Posted to dev@lucenenet.apache.org by "Shad Storhaug (JIRA)" <ji...@apache.org> on 2017/08/31 12:31:00 UTC

[jira] [Commented] (LUCENENET-595) Wildcard search with special characters "#" not working

    [ https://issues.apache.org/jira/browse/LUCENENET-595?page=com.atlassian.jira.plugin.system.issuetabpanels:comment-tabpanel&focusedCommentId=16148916#comment-16148916 ] 

Shad Storhaug commented on LUCENENET-595:
-----------------------------------------

I suspect this is due to the use of {{StandardAnalyzer}} when you write your index. Per the {{StandardTokenizer}} docs (https://lucene.apache.org/core/3_0_3/api/core/org/apache/lucene/analysis/standard/StandardTokenizer.html):

{quote}
This should be a good tokenizer for most European-language documents:

* Splits words at punctuation characters, removing punctuation. However, a dot that's not followed by whitespace is considered part of a token.
* Splits words at hyphens, unless there's a number in the token, in which case the whole token is interpreted as a product number and is not split.
* Recognizes email addresses and internet hostnames as one token.

Many applications have specific tokenizer needs. If this tokenizer does not suit your application, please consider copying this source code directory to your project and maintaining your own grammar-based tokenizer.{quote}

Although it doesn't specifically state it, I suspect that the # (or for that matter any other special character) is being removed from the analyzed data, and does not match your query because it does not exist in the index. I suggest trying another analyzer that doesn't meddle with special characters, such as {{WhitespaceAnalyzer}} (https://lucene.apache.org/core/3_0_3/api/core/org/apache/lucene/analysis/WhitespaceAnalyzer.html), or build a custom analyzer to meet your exact needs.

Keep in mind when the data that is stored isn't always the same as the analyzed data, and it is the analyzed data that is used during the search.

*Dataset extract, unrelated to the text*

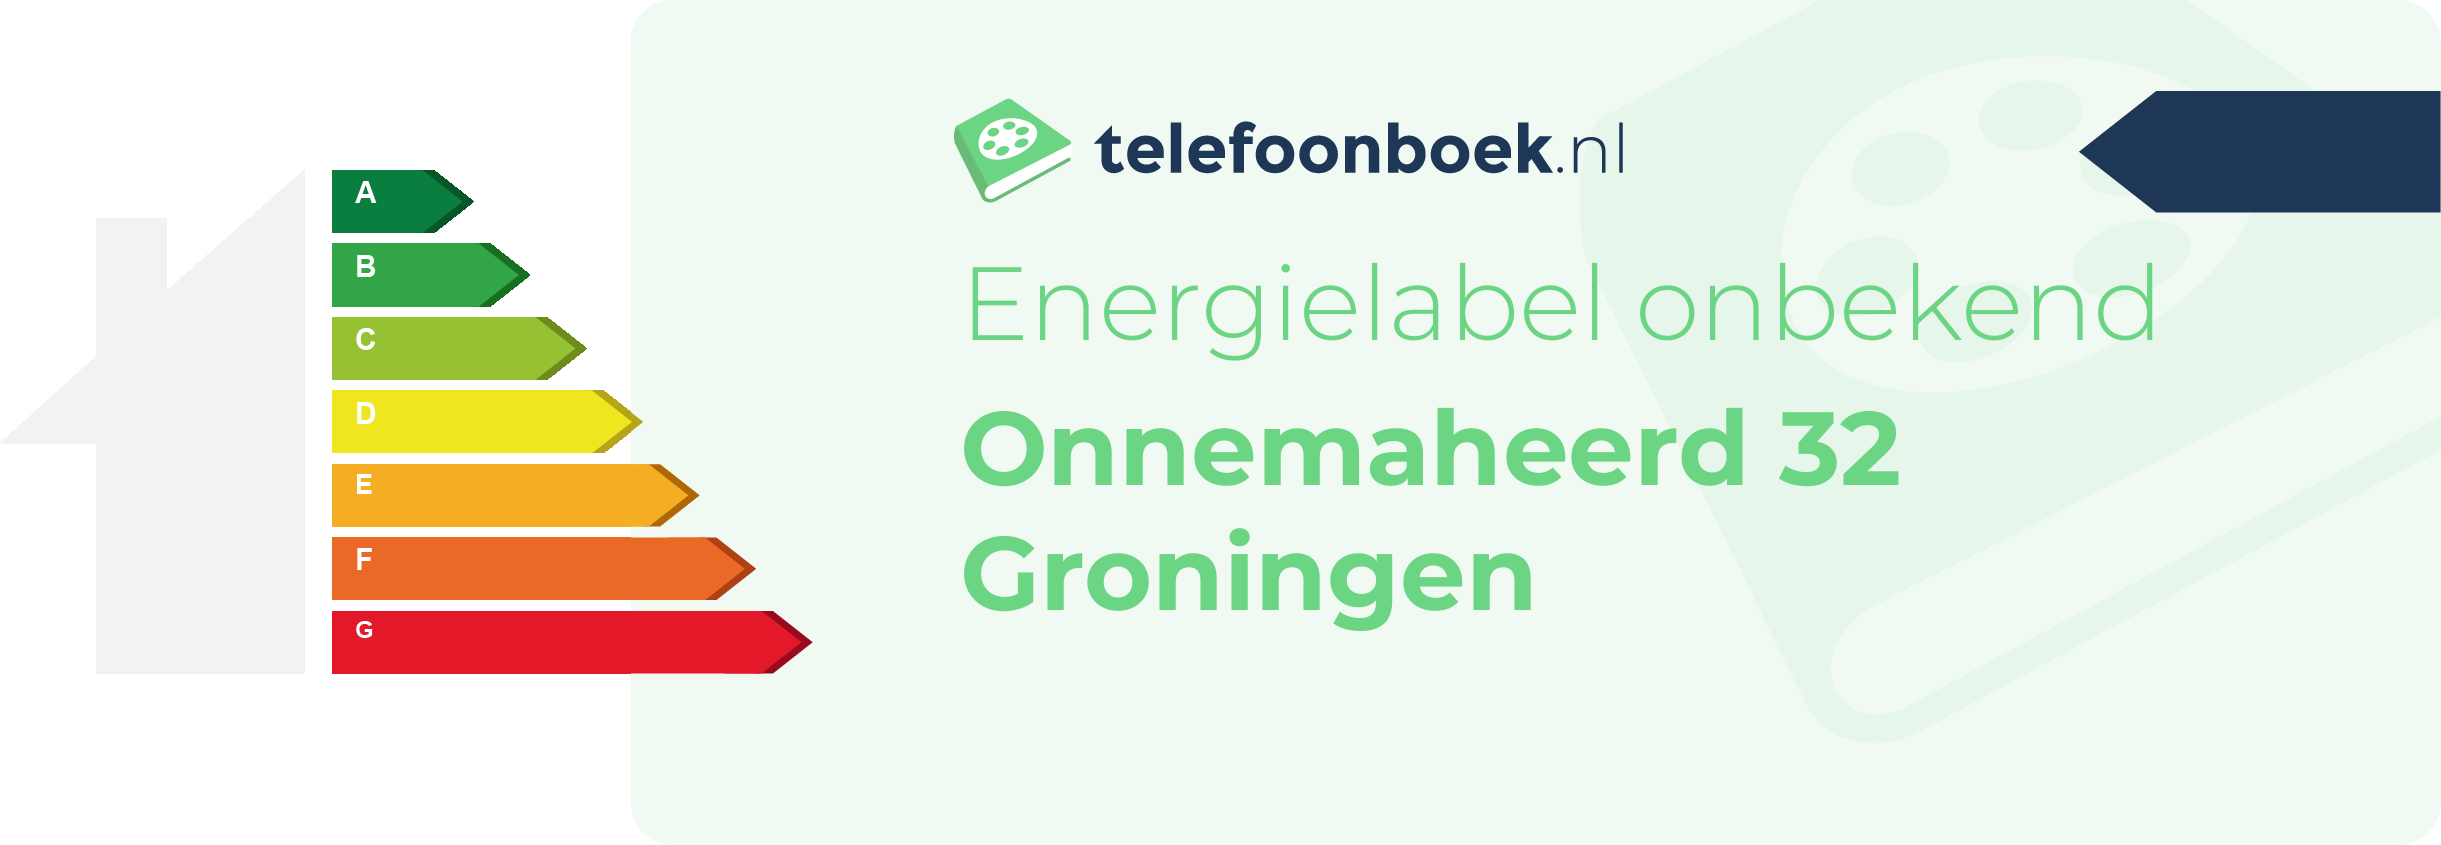 Energielabel Onnemaheerd 32 Groningen

> Wildcard search with special characters "#" not working
> -------------------------------------------------------
>
>                 Key: LUCENENET-595
>                 URL: https://issues.apache.org/jira/browse/LUCENENET-595
>             Project: Lucene.Net
>          Issue Type: Bug
>          Components: Lucene.Net Core
>    Affects Versions: Lucene.Net 3.0.3
>            Reporter: Singaravelu
>            Priority: Blocker
>
> I'm using Lucene.Net 3.0.3.0 version in my website to search list of courses.
> I have few courses which contains the special character "#" like, C#, C#.Net, etc.
> But When I search with the term "C#" it showing 0 results.
> I'm using StandardAnalyzer and MultiFieldQueryParser also allowing wildcard search (AllowLeadingWildcard = true).
> Here is my code:
> var analyzer = new StandardAnalyzer(Version.LUCENE_30, stopWords);
> {
> BooleanQuery query = new BooleanQuery();
> var nameParser = new MultiFieldQueryParser(Version.LUCENE_30, new[] { "Column1", " Column2", " Column3" }, analyzer);
> if (!string.IsNullOrEmpty(searchCriteria.CourseName))
> {
> query.Add(parseQuery(GetTerms(searchCriteria.CourseName.ReplaceDiacritics()), nameParser), Occur.MUST);
> }
> ScoreDoc[] hits = searcher.Search(query, null, hits_limit, Sort.RELEVANCE).ScoreDocs;
> var results = _mapLuceneToDataList(hits, searcher);
> analyzer.Close();
> searcher.Dispose();
> return results;
> }
> For indexing: 
> The word "C#" indexed and stored correctly. 
> doc.Add(new Field("Title", sampleData.CourseName, Field.Store.YES, Field.Index.ANALYZED));
> Kindly let me know what I have to do to retrieve the result when I search with the term "C#".



--
This message was sent by Atlassian JIRA
(v6.4.14#64029)